Thursday 16 February 2012

A Low

It's 90-95% positive.  I'm groovin' in my days, chasing and loving my daughter, spending time with hubby, doing my work project.  Out of 24 hours, a minute here or there seem to contaminate the positive.  Or writing an entry like this, but I think I need to write it to get it all out there!  Sometimes, it just goes there.  I am human.

There are constant physical reminders, post surgery/recovery, of there being an unanswered question.  Will all be ok, or not?  Within 8-9 days, there are times when I'm just beat, reminded, not so able to see that without a doubt, everything will be ok.  Why am I so tired sometimes?  Why do I feel so not myself sometimes?...  It makes me so frustrated!! 

My appointment with doc is on Wednesday (one week from today).  "I'm sure it will be fine" has come from my lips and those all around me a hundred or so times by now.  But I am a grown woman, still nervous to go to that office and hear what this doctor has to say.

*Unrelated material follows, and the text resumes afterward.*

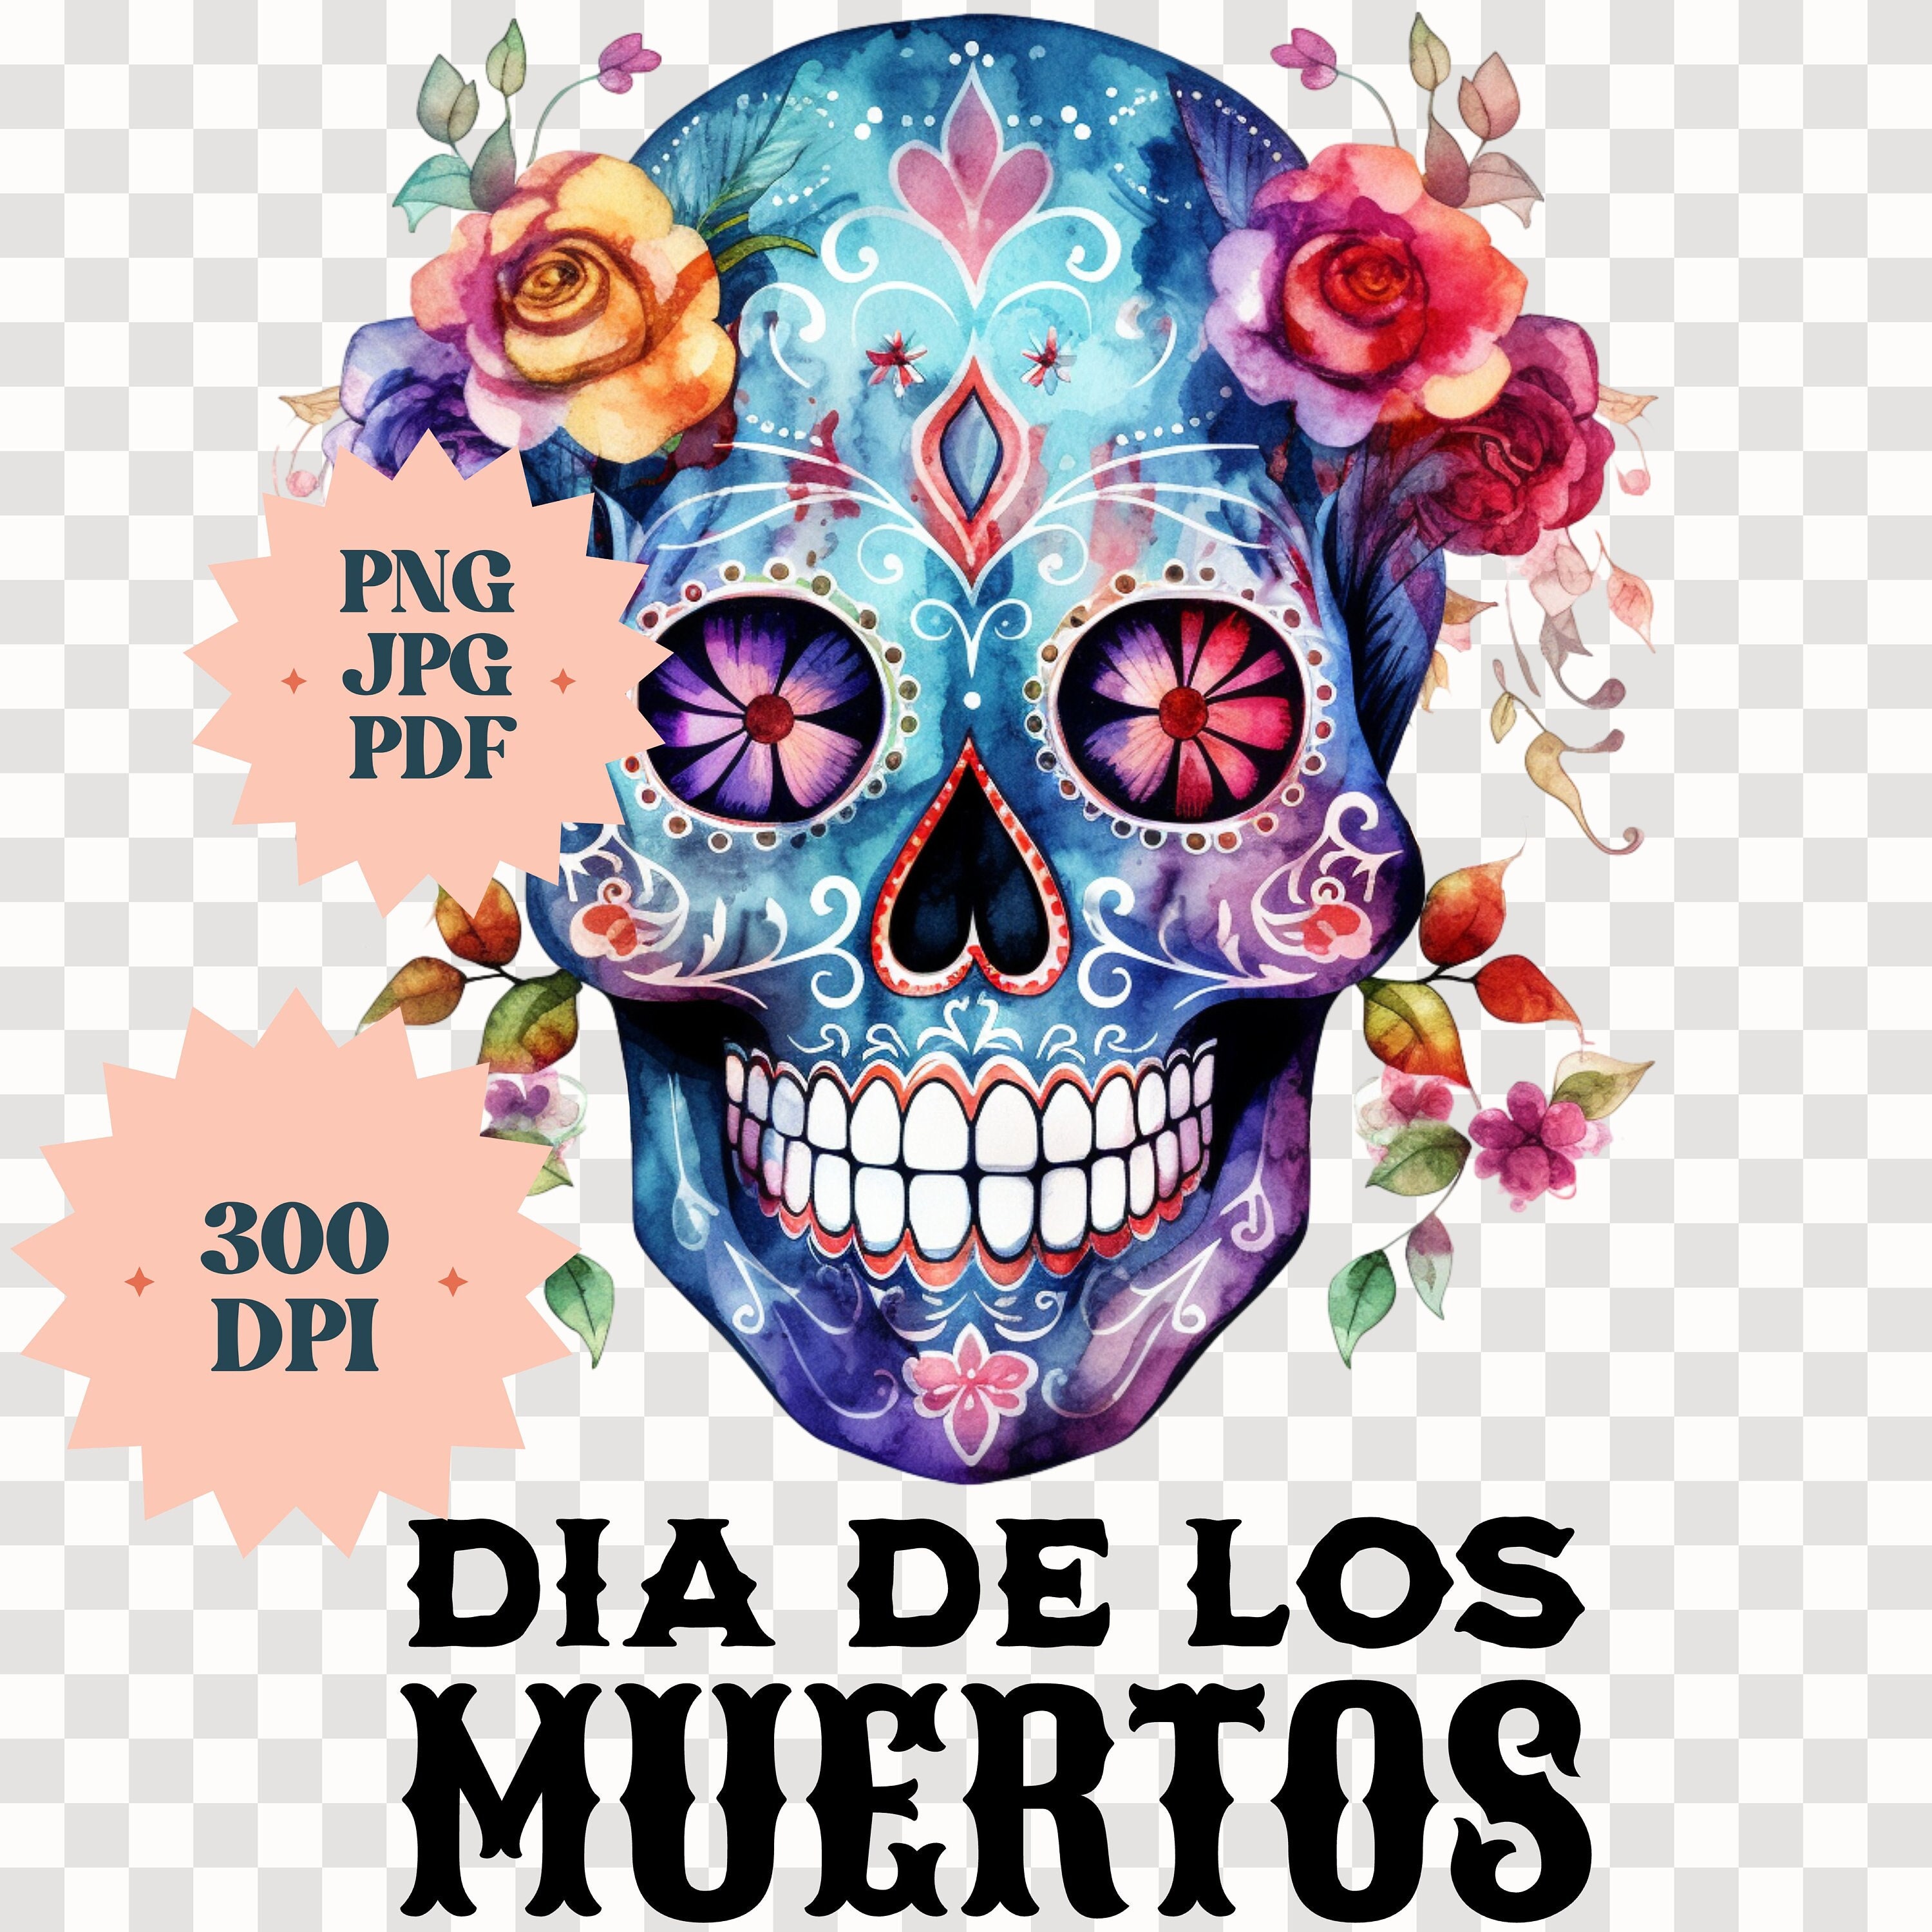 PILLOWS - SUGAR SKULL #23 Dia de los Muertos Day of the Dead

How would I react if it weren't all good?  Would I be strong enough to be gracious? would I be kicked in the gutt and lose it?  Would I not even blink and know I'd fight it till it were gone?  Do I know that no matter how hard you fight it, sometimes life ain't fair?  Yes, I do.  I've seen that story before in friends.  A friend and his two boys who lost their wife and mother to cancer.  Wendy.  She has been in my mind a lot these days.  I began a journal when I first heard she was diagnosed with cancer.  I wasn't a mom at that point, but the love she had for her sons was so brilliant and deep, the news of her having such an aggressive cancer was absolutely shattering. 

I didn't know what to do, or how to give to her life, her fight, other than to write.  To write how she inspired me and would be here to continue to inspire her sons, husband, family and friends.  Coincidentally, last week, I found that journal out of necessity for a journal to write notes in.  I've read some of my entries from back then.  I was in Europe at the time 2004.  Wendy, who was the picture of health, such a warm and brilliant soul, who loved her boys to the moon and back, continues to move my life as a mother. 

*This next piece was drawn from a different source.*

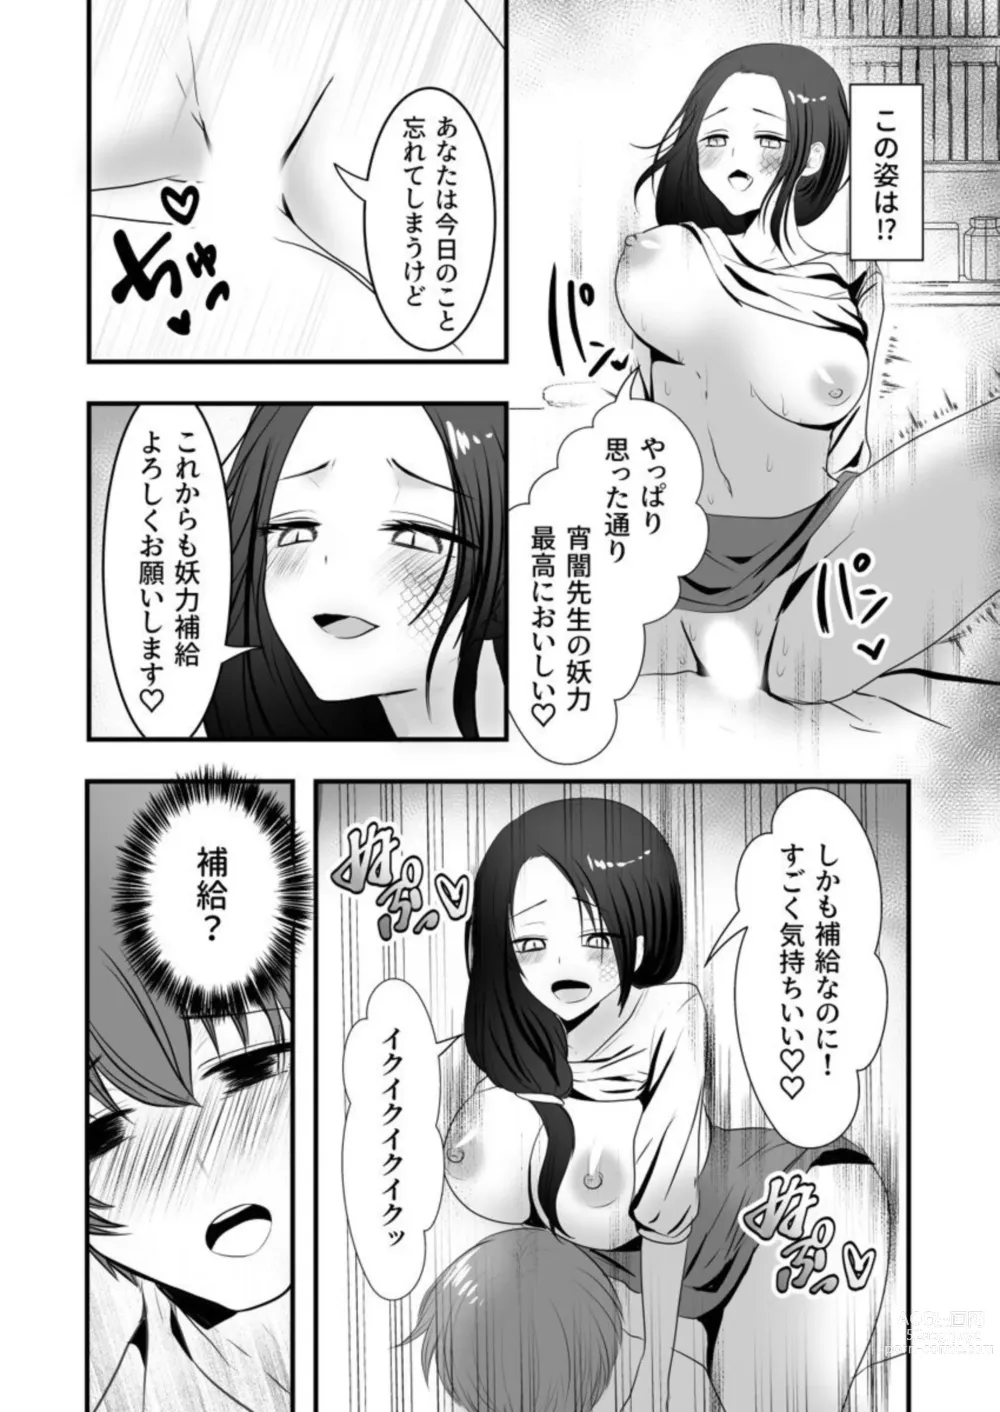 Page 25 of manga Ayakashi Shibori ~ Gokujō no sei wa 胎 No Naka ni 1

I wrote a text to her husband yesterday, trying to let him and their sons know that her life and her love made me a better person... but I deleted it.  Started again.  Deleted it.  Would it bring up too much pain?  Would it help them to know that her light is still in this world and she is so not forgotten?  Or would it hurt too much to know she should be here?

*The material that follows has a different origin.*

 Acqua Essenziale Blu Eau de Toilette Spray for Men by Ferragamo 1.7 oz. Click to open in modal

She was one of the reasons I considered private surgery.  I remember her hubby's words to my husband, "it things don't seem right, get it checked out right away.  Don't wait".

How would I look at my daughter to know it wouldn't just be my fight, but hers to?  Her life would be shifted huge. 

I wish I could just lift up my 'skirt' and check for myself, "Everything good down there?  Looks fine!  'I'M FINE, YIHOOOO!!'"  But I can't, so I wait.  "It'll be fine".

Next week's schedule begins to shape up.  I wonder where I'll be one week from today. 

Sometimes, I do worry.   Today is just a tired day.